### Assignment
Take the lines in the listing below from the line with "WWE Raw Season" up to and including the line with "100 Polygon Backgrounds Bundle Vol.4" and set them down exactly, skipping pictures and adding nothing.

### Records shown
/---

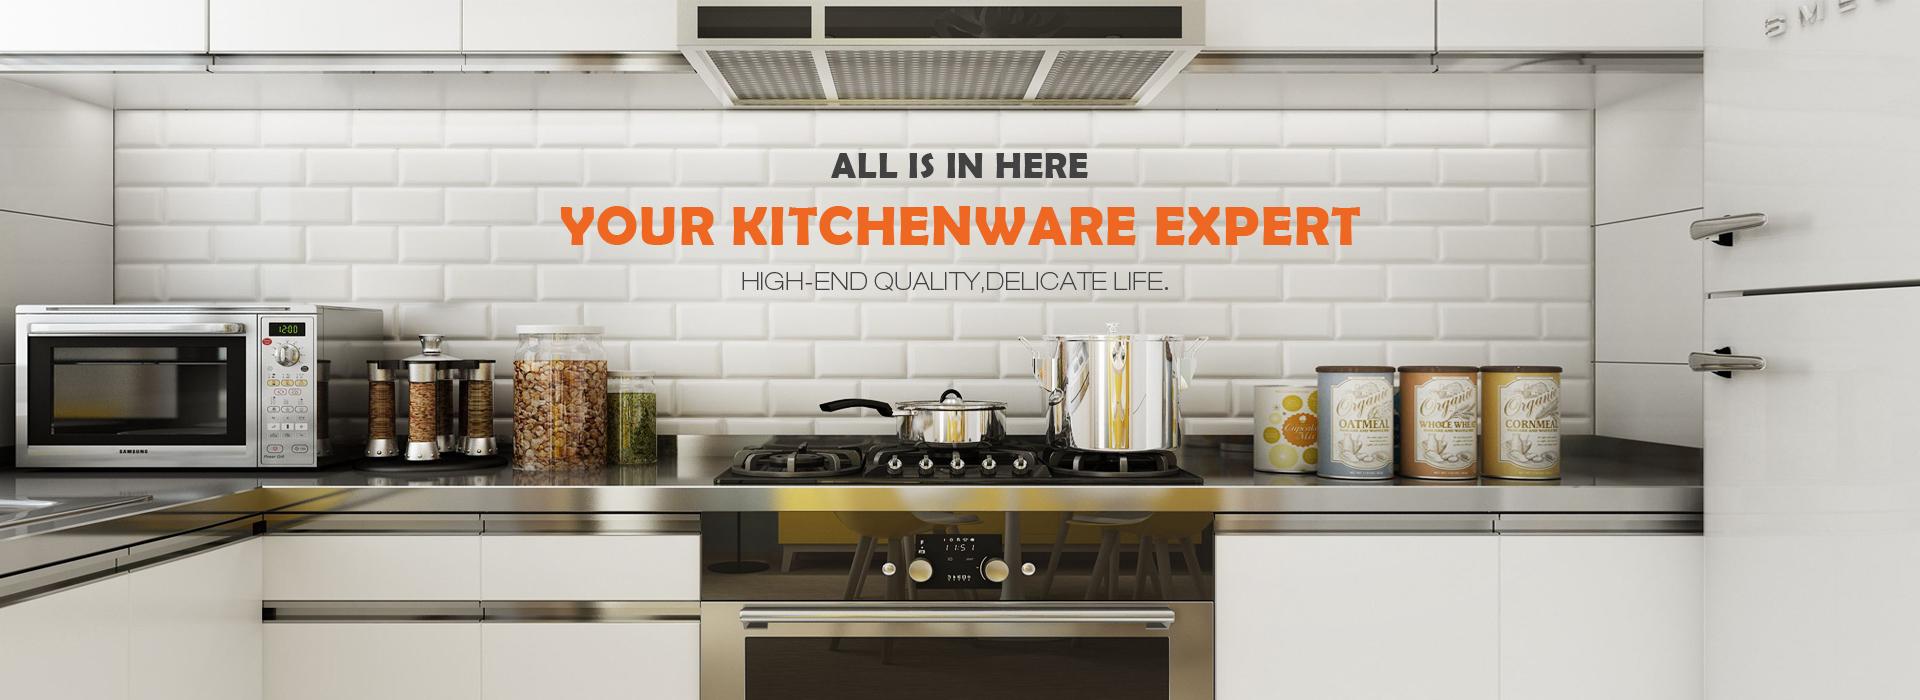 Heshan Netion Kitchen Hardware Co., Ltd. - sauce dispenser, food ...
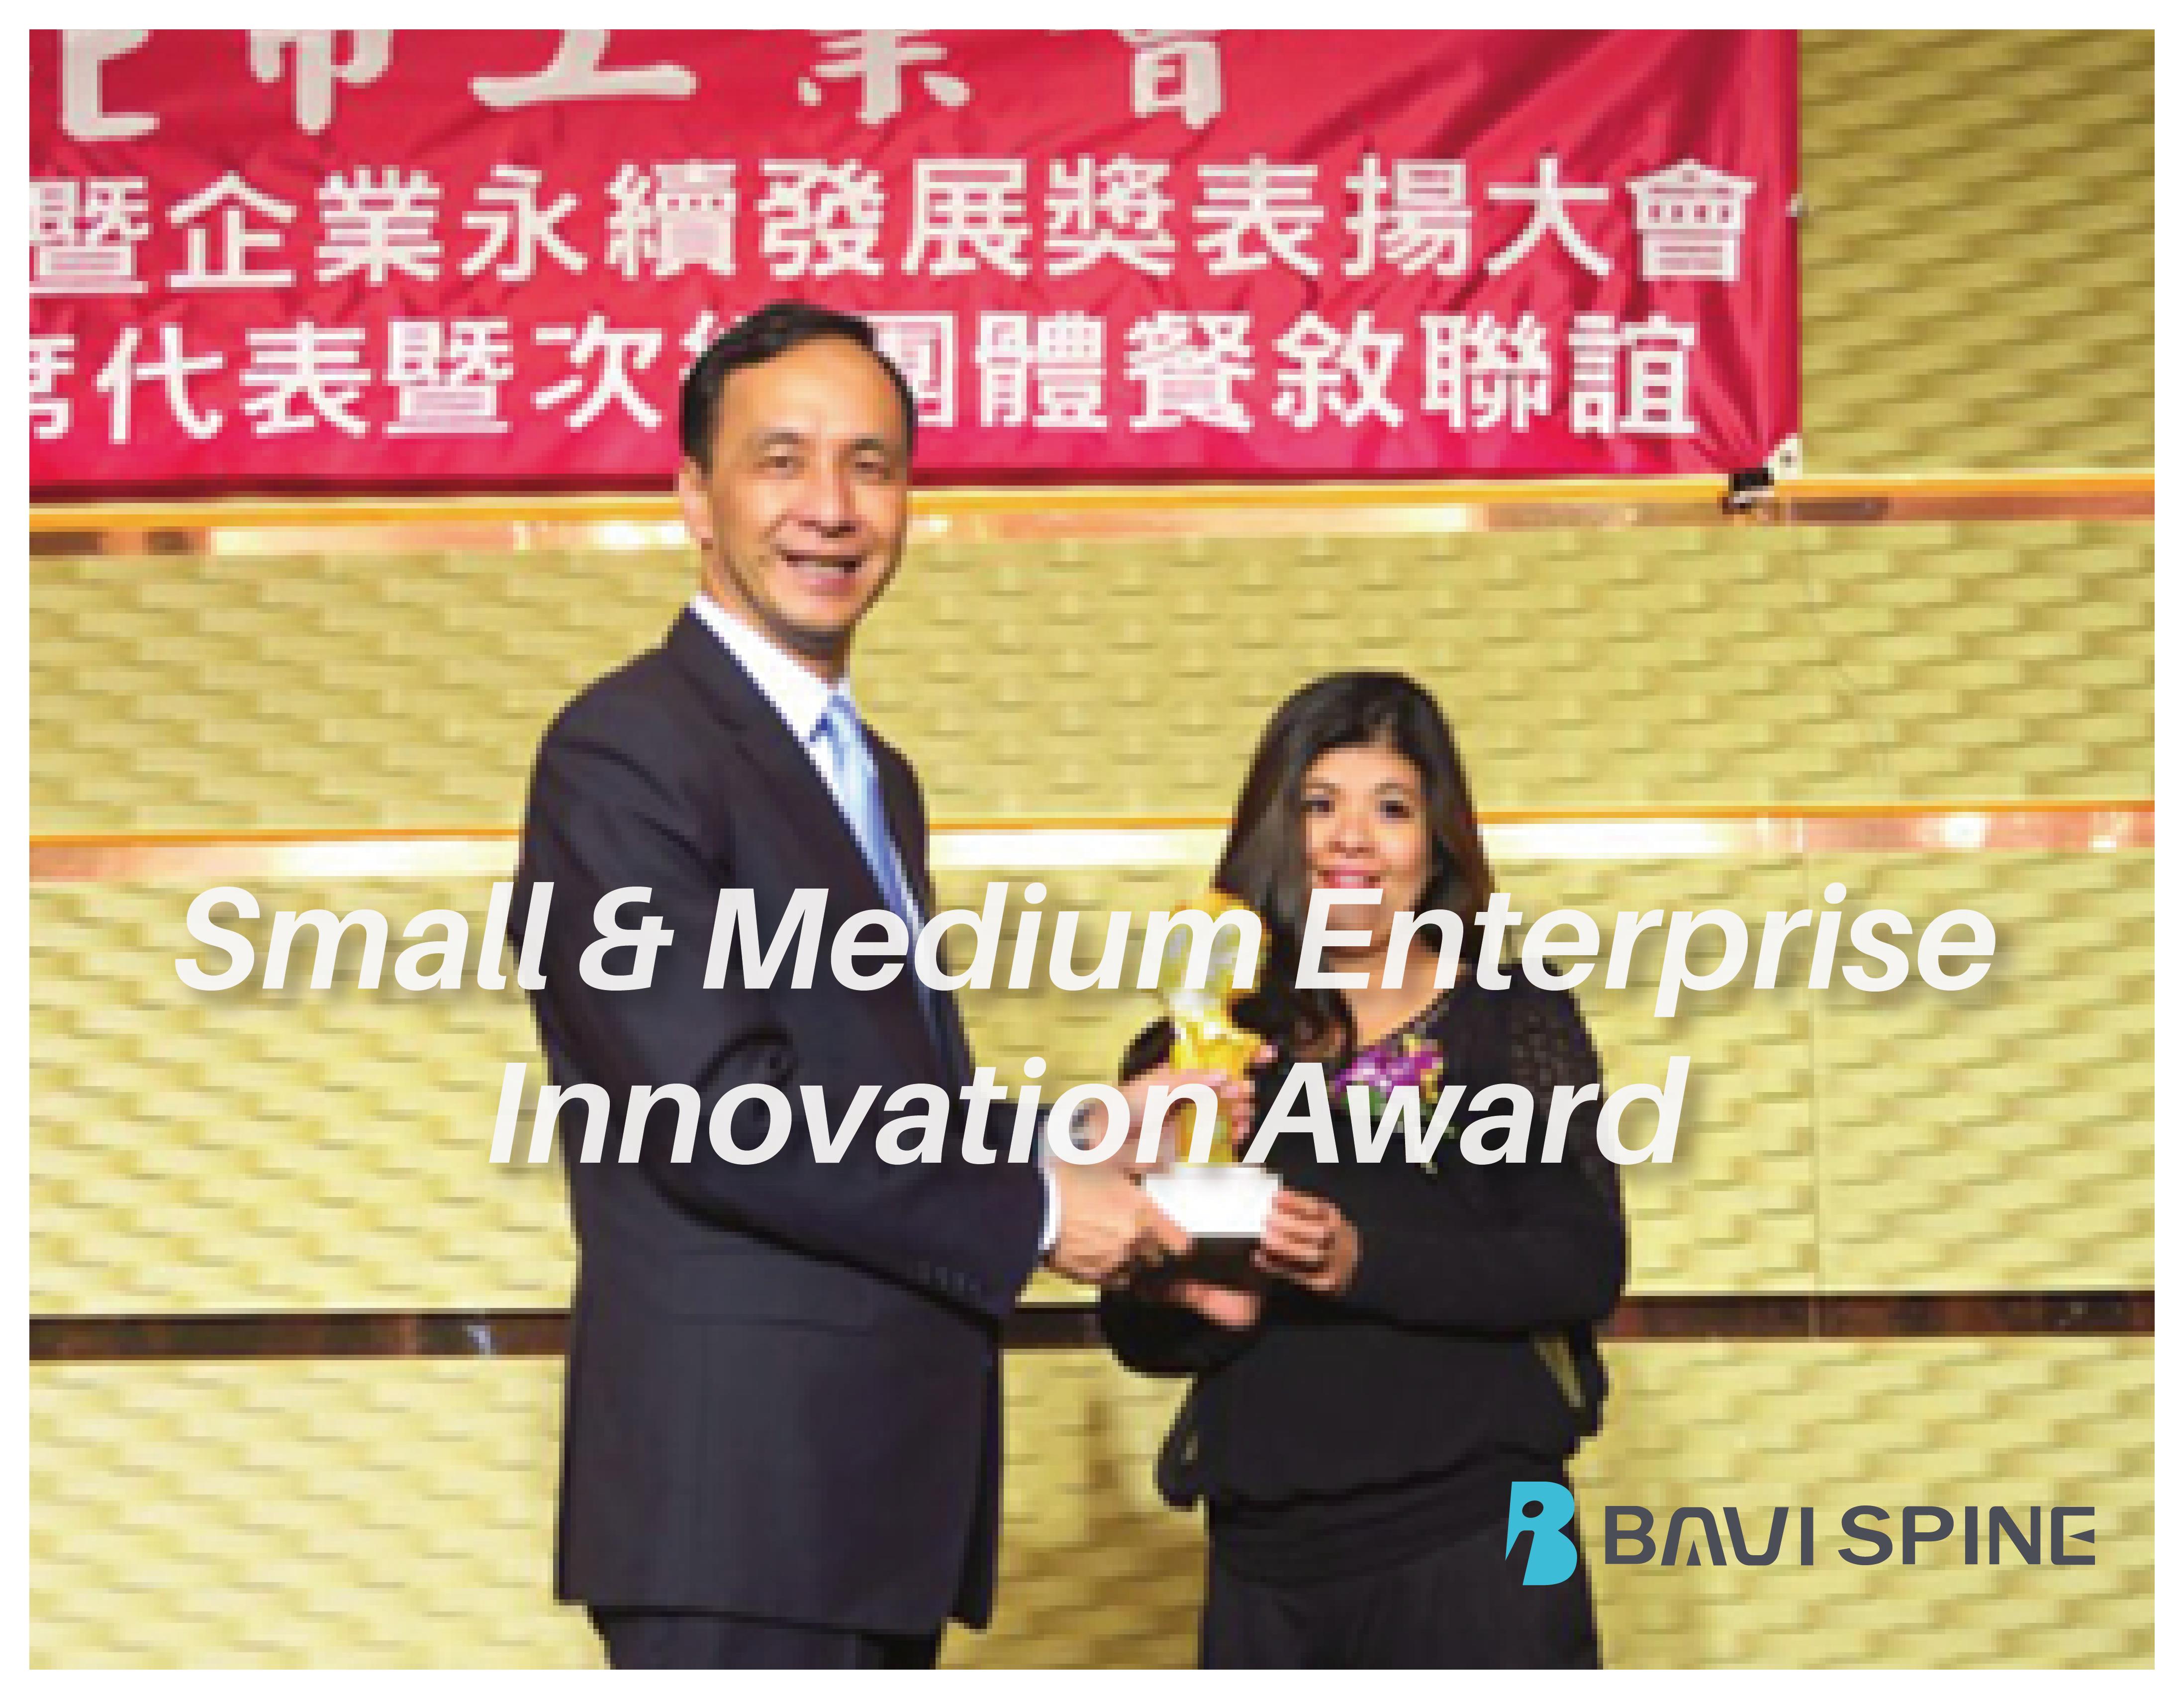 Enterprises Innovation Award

\---
/---

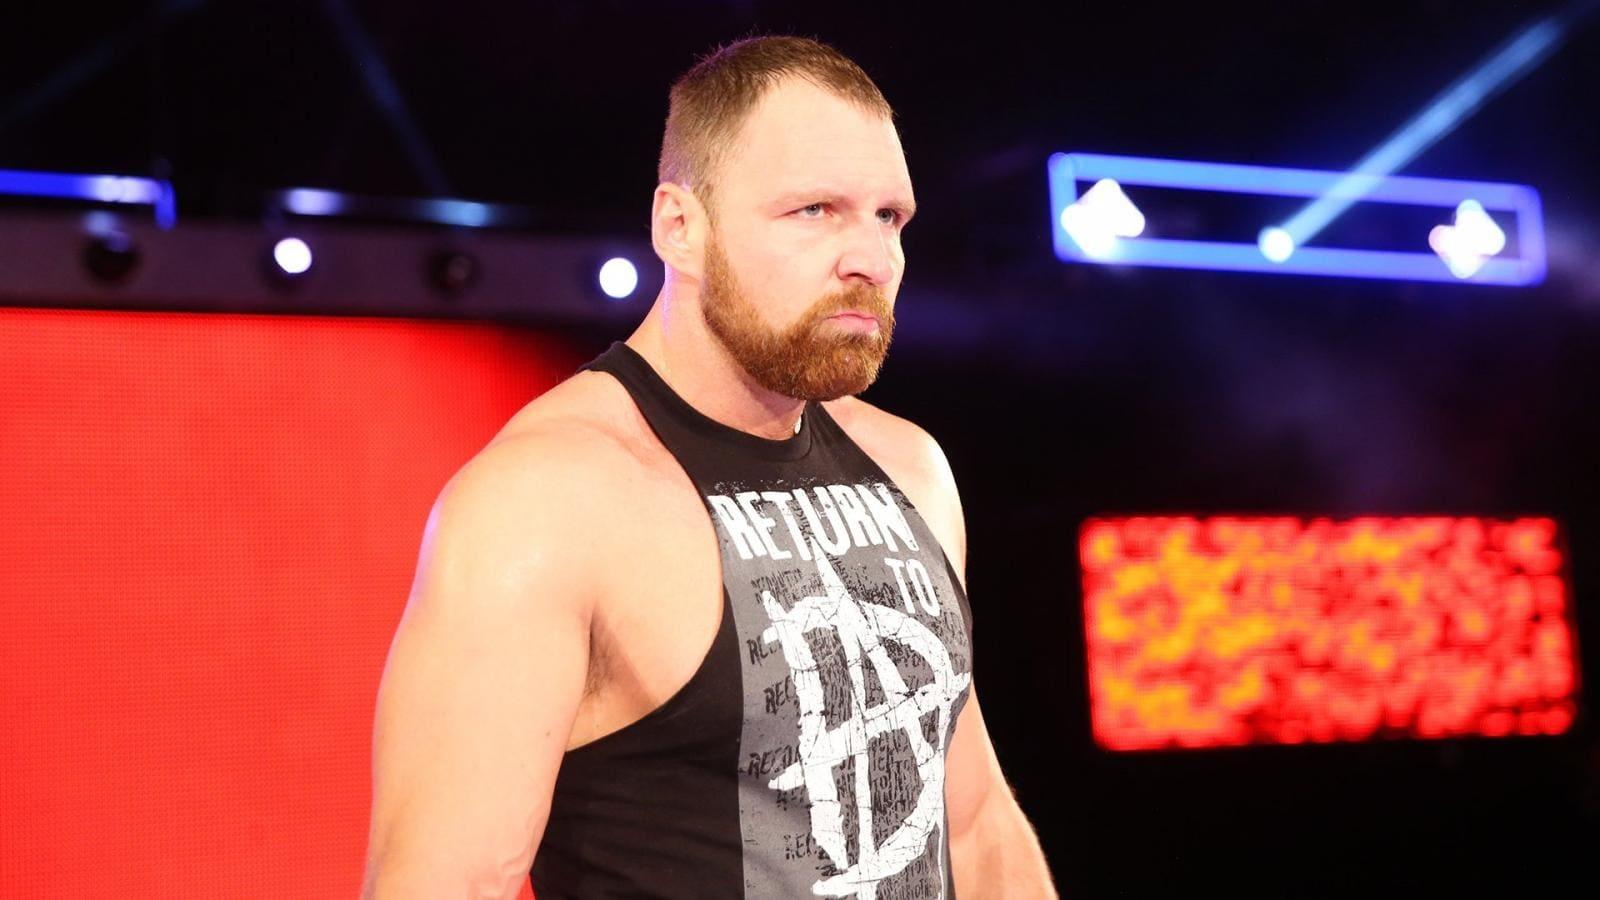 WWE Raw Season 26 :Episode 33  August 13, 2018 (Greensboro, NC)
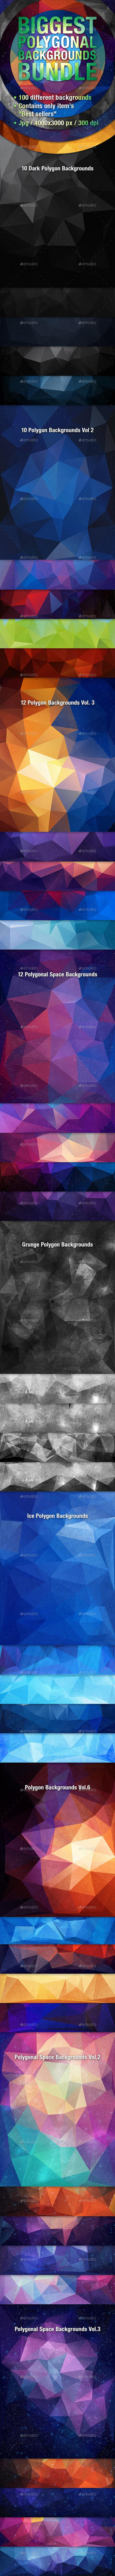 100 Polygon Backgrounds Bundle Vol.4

\---
/---

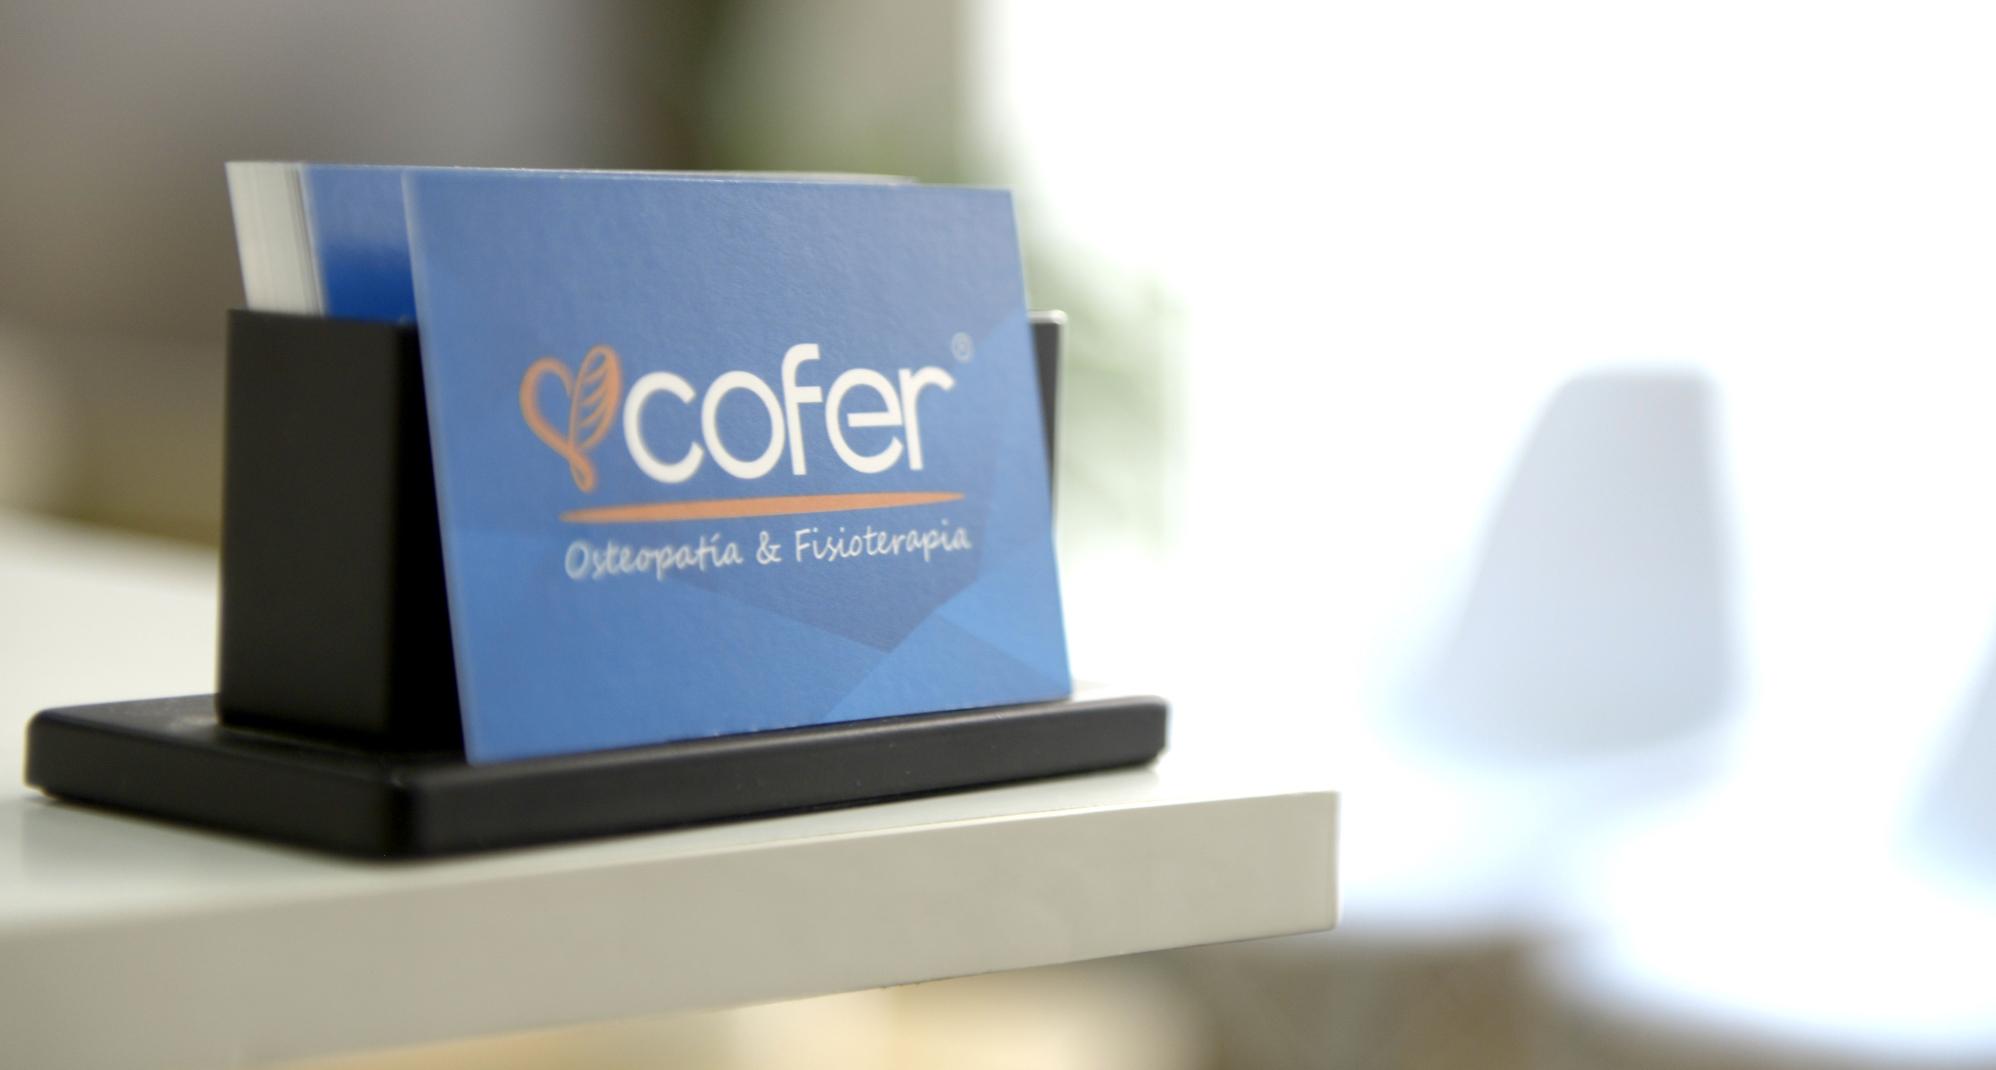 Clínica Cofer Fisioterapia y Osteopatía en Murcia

\---

### Answer section
 WWE Raw Season 26 :Episode 33  August 13, 2018 (Greensboro, NC)
 100 Polygon Backgrounds Bundle Vol.4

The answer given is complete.